Arrapha

Arrapha and other cities of Mesopotamia in the second millennium BC

Arrapha or Arrapkha (Akkadian: Arrapḫa, Syriac: ܐܪܦܗܐ, Arabic: أررابخا ,عرفة) was an ancient city in what today is northeastern Iraq, on the site of the modern city of Kirkuk.[1] It began as a city of the Gutian people, became Hurrian, and was an Assyrian city[2] during most of its occupation.

In 1948, Arrapha became the name of the residential area in Kirkuk which was built by the North Oil Company as a settlement for its workers.

History

The city was founded around 2000 BC by Zagros Mountains dwellers who were known as the Gutian people by lowland-dwellers of Southern Mesopotamia. Arraphkha was the capital of the Guti kingdom (Gutium), which is mentioned in cuneiform records about 2400 BC.[3]

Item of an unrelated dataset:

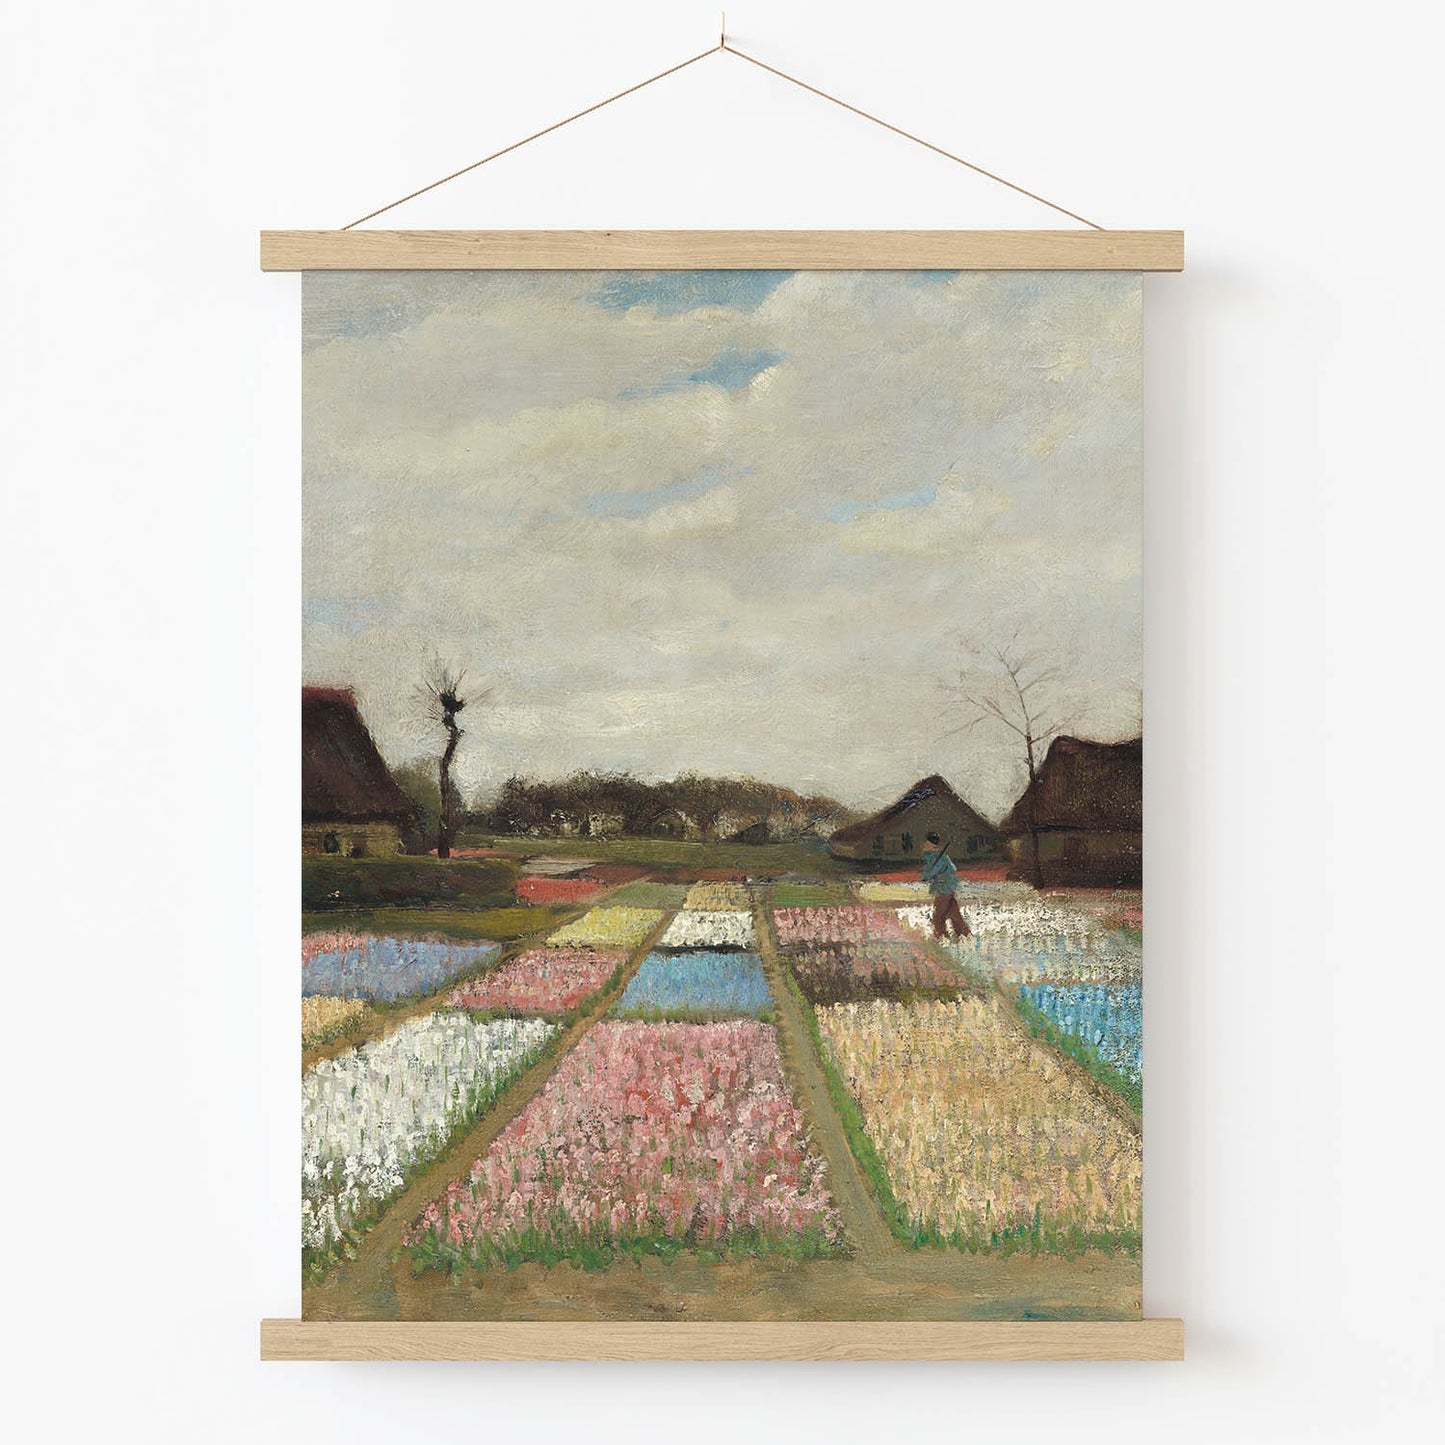 Antique Field of Flowers Art Print in Wood Hanger Frame on Wall
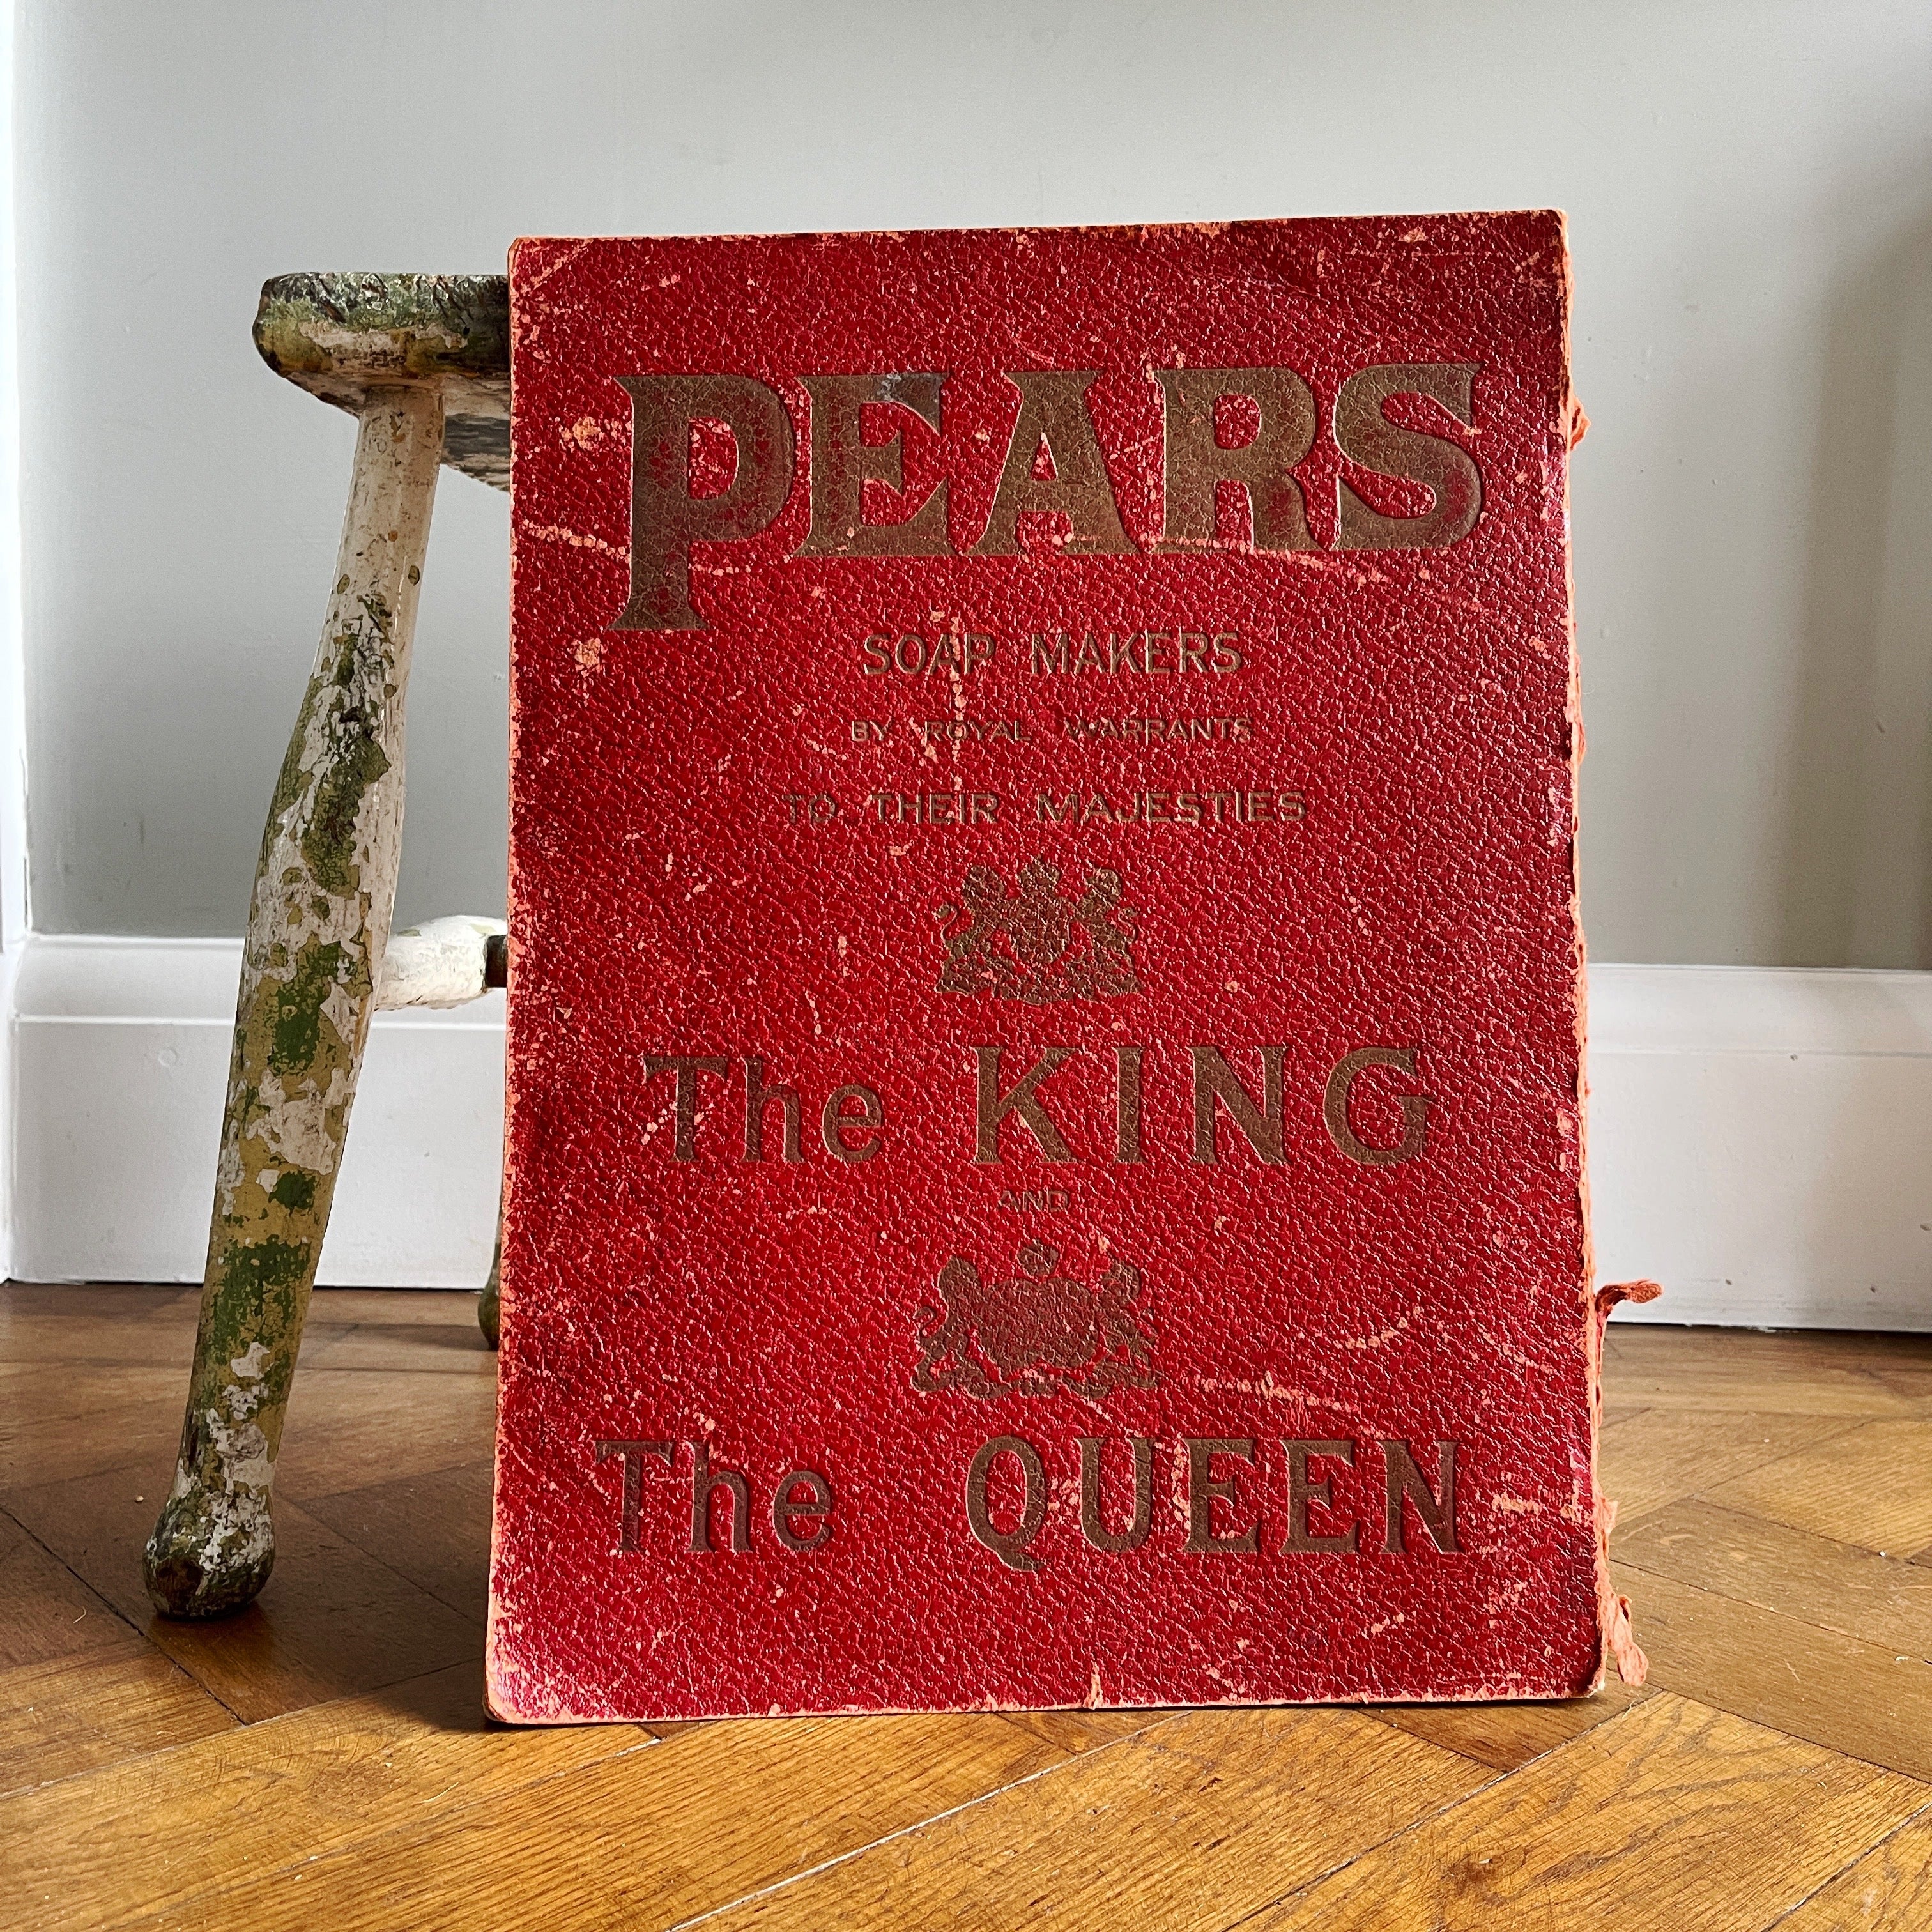 A King Edward VII Coronation Book

Arrapha was an important trading center in the 18th century BCE.[1] By the 14th century it was a largely Hurrian city, the capital of the small, Hurrian kingdom of Arrapkha, situated along the southeastern edge of the area under Mittani domination.[4][5][1]

The city reached great prominence in the 11th and 10th centuries BC under Assyrian rule. In 615 BC, seeing the Assyrians occupied with the Babylonians, the Median king Cyaxares successfully invaded Arrapha, which was one of the last strongholds of the Neo-Assyrian Empire.[6][7] The region later became part of Achaemenid Persia. During the Parthian and Sassanid Empire the site was the capital of a small kingdom called "ܒܝܬܓܪܡܝ", that is Beth Garmai, in Aramaic.[8]

Arrapha is mentioned until Hellenistic times, at which point the settlement was refounded under the name Karka.[1]

Arrapha has not been excavated yet, due to its location beneath Kirkuk.[1]

References

  1. 1.0 1.1 1.2 1.3 1.4 Trevor Bryce. The Routledge Handbook of The People and Places of Ancient Western Asia. Routledge. pp. 67–68. ISBN 978-1-134-15908-6. Retrieved 27 October 2012.
  2. The Cambridge Ancient History, page 17, by John Boardman
  3. William Gordon East, Oskar Hermann Khristian Spate (1961). The Changing Map of Asia: A Political Geography, 436 pages, p: 105
  4. Kimmons, Sergeant Sean. "Soldiers Help Preserve Archeological Sites".
  5. M. Chahin. Before the Greeks, p. 77.
  6. Martin Sicker. The Pre-Islamic Middle East, Page 68.
  7. I. E. S. Edwards, John Boardman, John B. Bury, S. A. Cook. The Cambridge Ancient History. p. 178-179.
  8. Mohsen, Zakeri (1995). Sasanid soldiers in early Muslim society: the origins of 'Ayyārān and Futuwwa. Otto Harrassowitz Verlag. p. 135. ISBN 978-3-447-03652-8.